Pemecatan Vokalis Sukatani sebagai Guru
Selain tekanan terhadap band, Novi Citra Indriyaki, vokalis Sukatani, diberhentikan dari posisinya sebagai guru sekolah dasar di Banjarnegara. Pigai menanggapi kabar ini dengan tegas, menyatakan bahwa jika pemecatan tersebut terkait dengan perannya sebagai vokalis, maka tindakan tersebut harus ditolak. Ia menekankan bahwa pemerintah konsisten memastikan perlindungan dan penghormatan HAM setiap warga negara Indonesia.
“Simak Juga: Kegiatan Relawan Peduli Bekasi dan Cikupa Salurkan Bantuan Korban Banjir“
Reaksi Publik dan Dukungan terhadap Sukatani
Kasus ini memicu reaksi luas dari masyarakat dan pegiat HAM. Amnesty International Indonesia menilai tindakan aparat terhadap Sukatani sebagai bentuk intimidasi yang melanggar kebebasan berekspresi. Mereka menekankan bahwa tanpa paksaan, tidak mungkin Sukatani membuat video permintaan maaf yang ditujukan kepada Kapolri dan pejabat lainnya.
Pentingnya Kebebasan Berekspresi dalam Demokrasi
Kebebasan berekspresi merupakan salah satu pilar utama dalam negara demokrasi. Kasus yang menimpa Sukatani menunjukkan bahwa masih ada tantangan dalam menjamin hak tersebut di Indonesia. Pakar dari Universitas Gadjah Mada (UGM) menilai bahwa institusi kepolisian belum siap menerima kritik publik. Hal ini tercermin dari reaksi berlebihan terhadap lagu “Bayar, Bayar, Bayar” yang seharusnya dianggap sebagai bentuk ekspresi dan kritik sosial.

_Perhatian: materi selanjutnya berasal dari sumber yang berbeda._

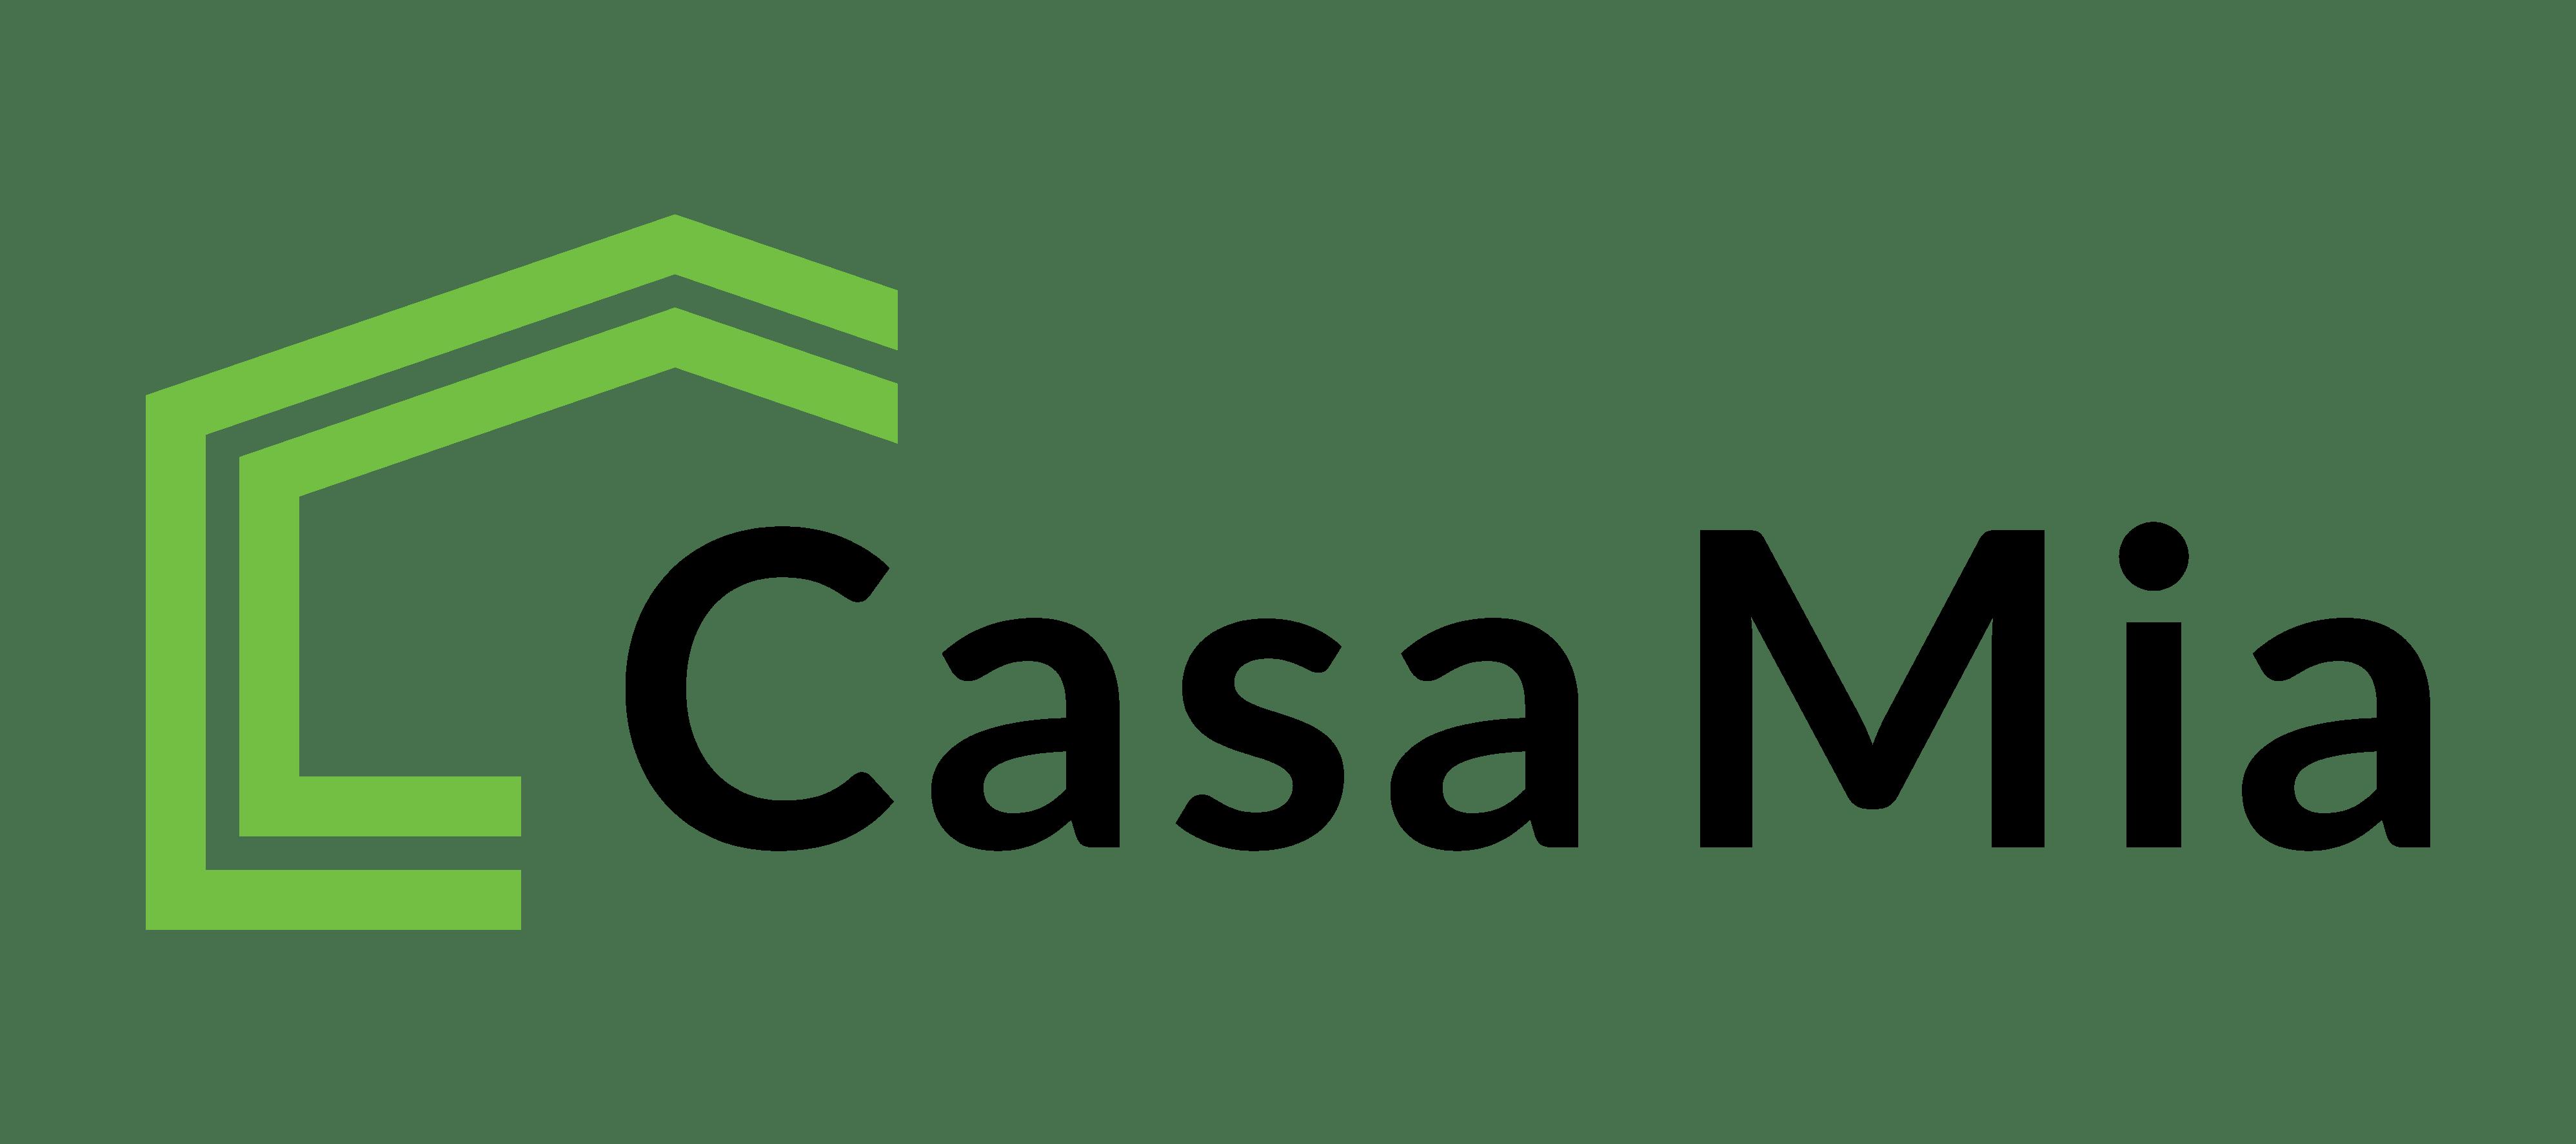 Casa Mia Coliving logo

Langkah yang Perlu Diambil
Untuk mencegah kejadian serupa di masa depan, perlu ada upaya bersama dalam meningkatkan pemahaman dan penghormatan terhadap kebebasan berekspresi. Aparat penegak hukum harus lebih terbuka terhadap kritik dan menjadikannya sebagai bahan evaluasi untuk perbaikan institusi. Selain itu, masyarakat perlu terus mendukung seniman dan individu yang berani menyuarakan kebenaran demi terciptanya lingkungan yang lebih demokratis dan bebas.
Peran Media dalam Menyuarakan Kebenaran
Media memiliki peran penting dalam mengawal kasus-kasus seperti yang dialami Sukatani. Portal berita independen seperti GRB Project (grbproject.org) dapat menjadi sumber informasi yang objektif dan terpercaya bagi masyarakat. Dengan adanya media yang bebas dan independen, isu-isu terkait kebebasan berekspresi dapat tersampaikan dengan baik dan mendorong diskusi publik yang sehat.
Kesimpulan
Kasus Band Punk Sukatani dengan lagu “Bayar, Bayar, Bayar” menyoroti tantangan kebebasan berekspresi di Indonesia. Respon Menteri HAM, Natalius Pigai, menunjukkan bahwa pemerintah menyadari pentingnya melindungi hak tersebut. Namun, masih diperlukan upaya lebih lanjut untuk memastikan bahwa semua pihak, termasuk aparat penegak hukum, menghormati dan menjunjung tinggi kebebasan berekspresi demi kemajuan demokrasi di Indonesia.